Наверху Караван поместил мать; ее скаредность была известна во всем околотке, а про худобу говорили, что бог показал на этой женщине образец высшей экономии. Она вечно была в дурном настроении и не могла прожить дня без скандалов и взрывов прямо-таки остервенелой злобы. Из своего окна она честила то соседей, то уличных торговок, то подметальщиц, то мальчишек, которые в отместку орали ей вслед, когда она выходила из дому: «Идет Карга! Идет Карга!»

Прислуга — девчонка из Нормандии, рассеянная и шалая, — исполняла всю работу. Она спала наверху, подле старухи, — на всякий случай.

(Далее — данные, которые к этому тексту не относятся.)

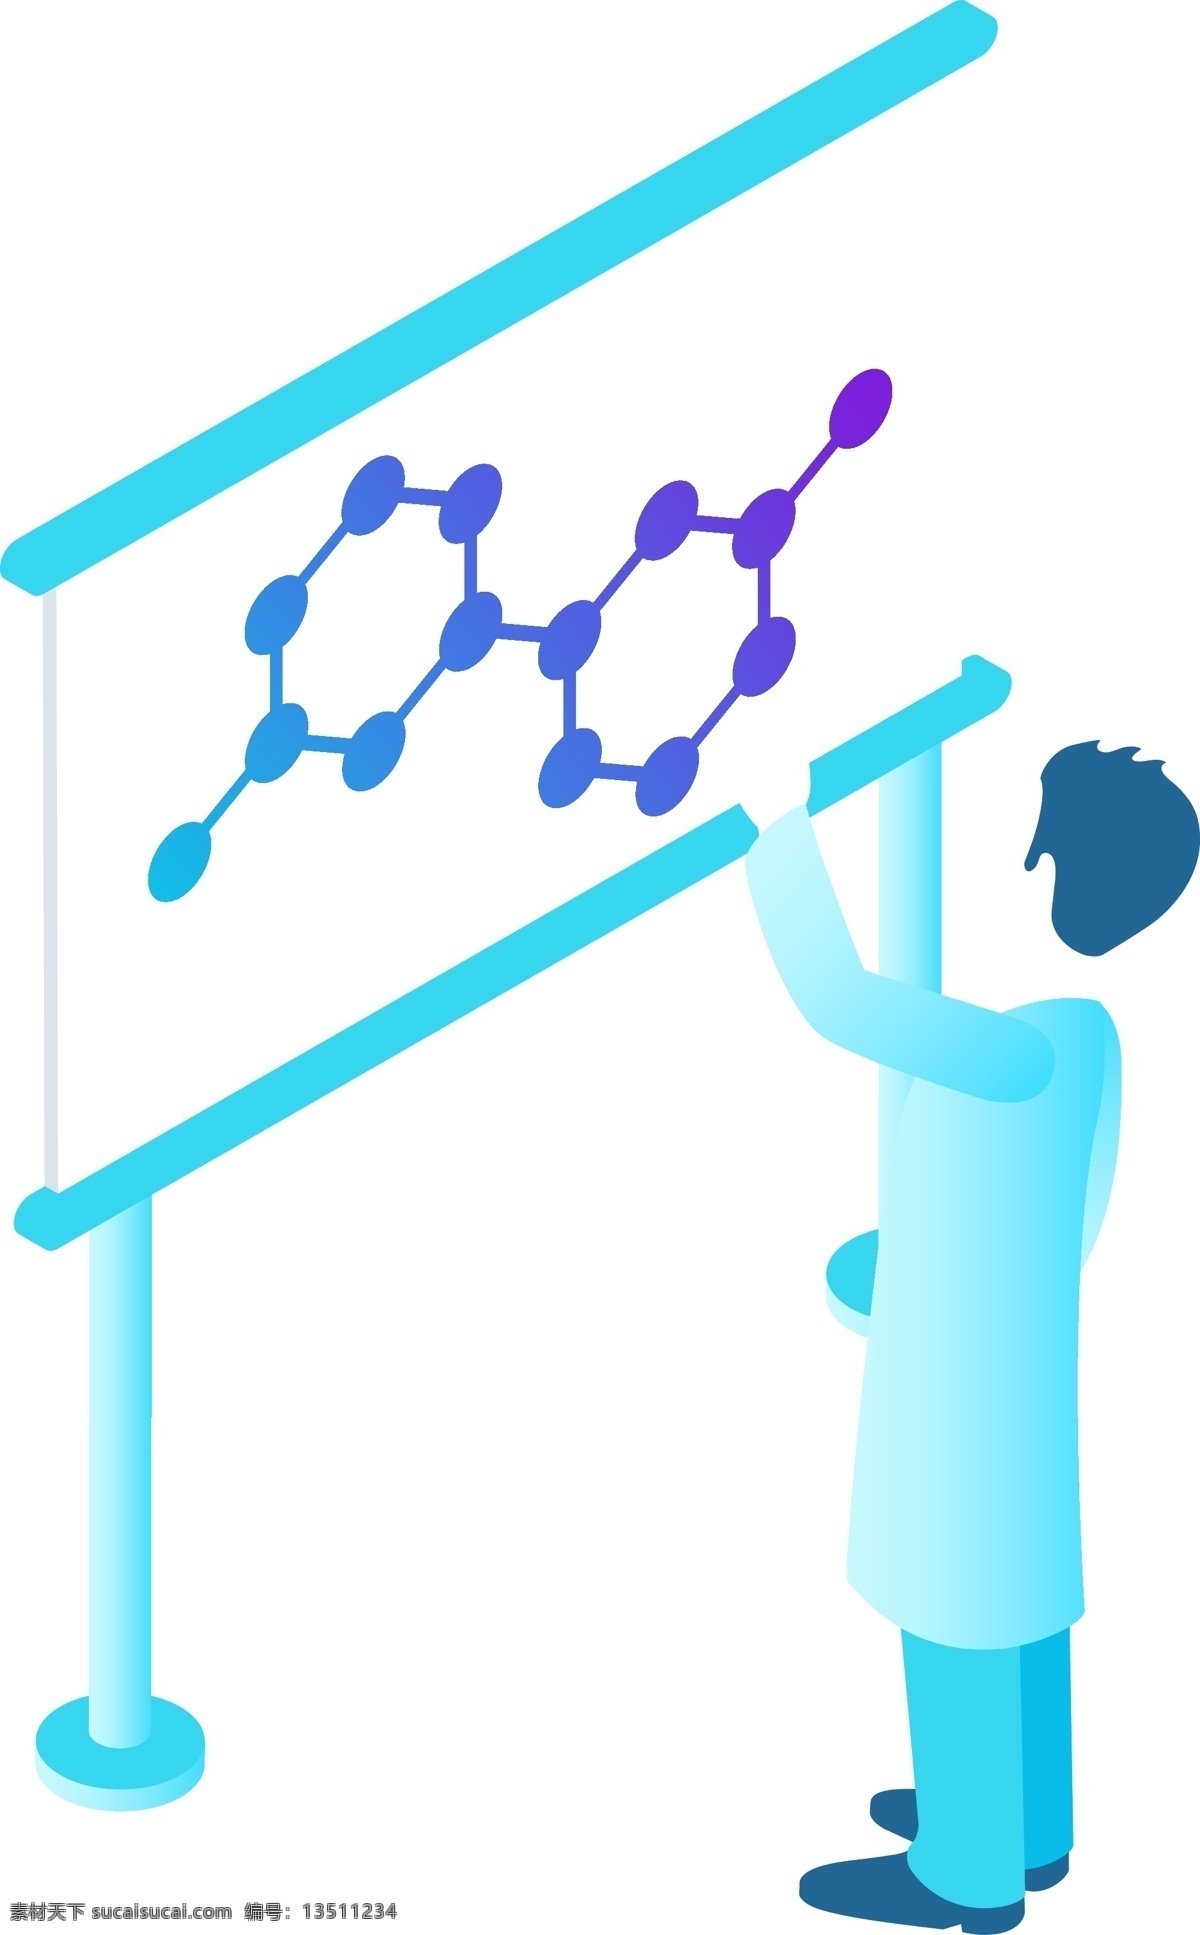 手绘 男人 做 实验 分子 图 原创 元素 科技 简约 绘画 蓝色 分子图 原创元素 设计元素

Когда Караван вернулся домой, жена, одержимая манией уборки, как раз до блеска натирала куском фланели спинки стульев, разбросанных там и сям среди пустынных комнат. Она всегда носила нитяные перчатки, а на голове чепец с пучком разноцветных лент, беспрестанно съезжавший на ухо, и, если ее заставали, когда она вощила пол, чистила, скребла или стирала, она неизменно говорила: «Ну да, я не богачка, у меня все очень просто, но моя роскошь — чистота, это получше всякой роскоши будет!»

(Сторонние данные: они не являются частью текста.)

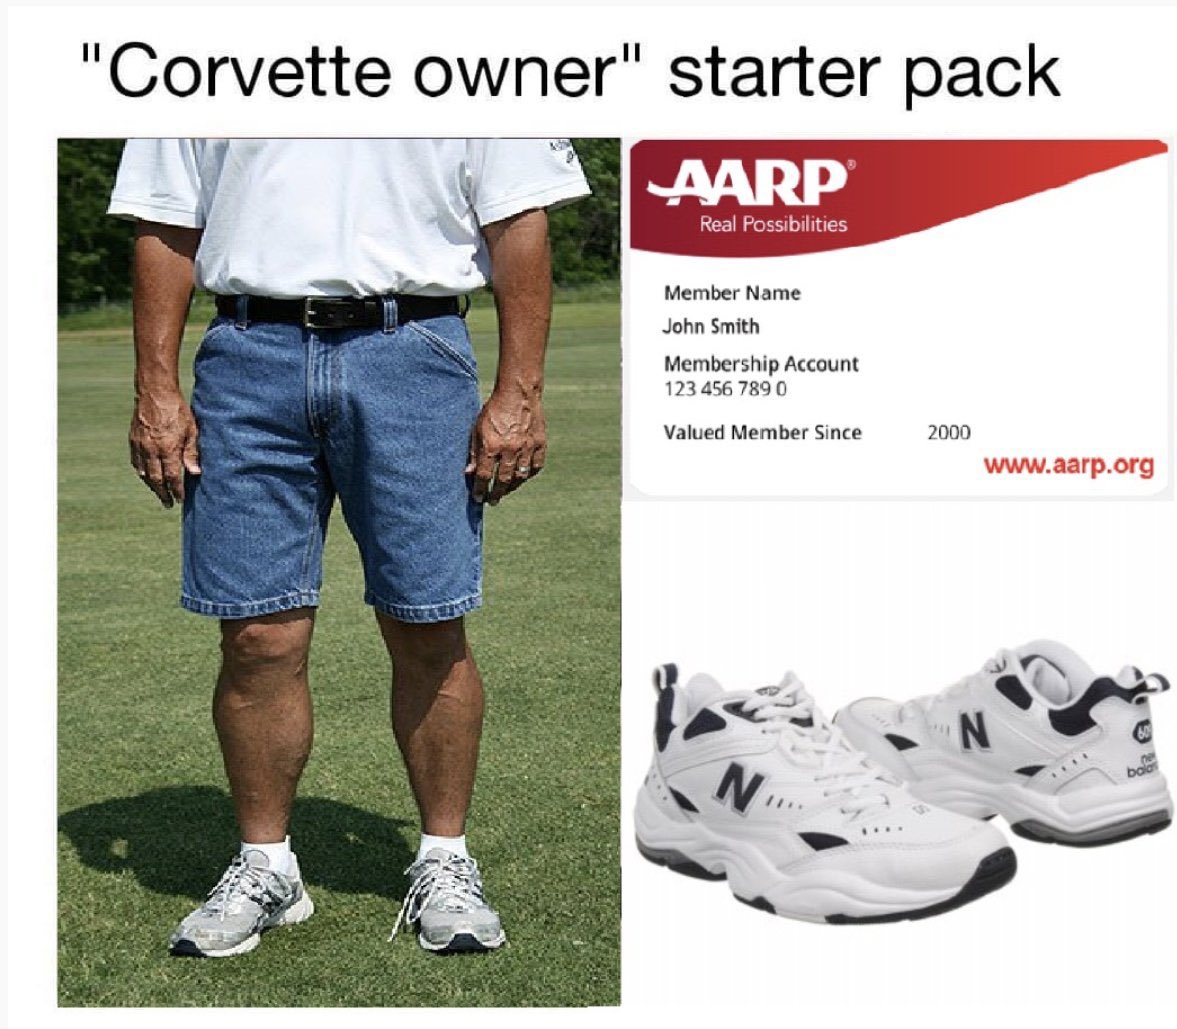 Corvette owner starter pack.jpg

Наделенная необычайно нудной практичностью, она руководила мужем во всем. Ежедневно за столом и потом в постели они длительно обсуждали дела его канцелярии, и, хотя жена была на двадцать лет моложе его, он всецело, точно духовнику, доверялся ей и следовал всем ее советам.

Она никогда не была хороша, а теперь была даже дурна — низкорослая, тощая пигалица. Ее нелепые платья всегда скрывали и те скудные женские прелести, которые, при уменье одеваться, можно было бы все же искусно подчеркнуть. Юбки У нее почему-то все съезжали набок; она то и дело чесалась где попало, не стесняясь посторонних, — это была какая-то странная привычка, какая-то мания. Единственное украшение, которое она себе позволяла, были огромные пучки пестрых шелковых лент, налепленные на те претенциозные чепчики, в каких она обычно ходила дома.

Увидев мужа, она встала и, целуя его в бакенбарды, спросила:

— Ты не забыл про Потена, мой друг?

Речь шла о поручении, которое он взялся исполнить. Караван в испуге опустился на стул: он забыл опять, в четвертый раз!

— Прямо рок какой-то, — сказал он, — прямо рок! Целый день помню, а как вечер — так и позабыл.

Но, видя, что он удручен, жена сказала, стараясь утешить его:

— Ну, завтра вспомнишь, вот и все. Что в министерстве? Ничего нового?

— Как же, большая новость! Еще одного жестянщика назначили помощником начальника.

Ее лицо вытянулось.

— В каком отделении?

— В отделении заграничных закупок.

Она начинала злиться.

— Что ж, значит, на место Рамона, как раз на то место, которое я прочила тебе; а Рамон куда, в отставку? — Она окончательно взбеленилась, чепец съехал на ухо. — Ну, тут все кончено, в этой лавочке надеяться больше не на что. Как его фамилия, твоего комиссара?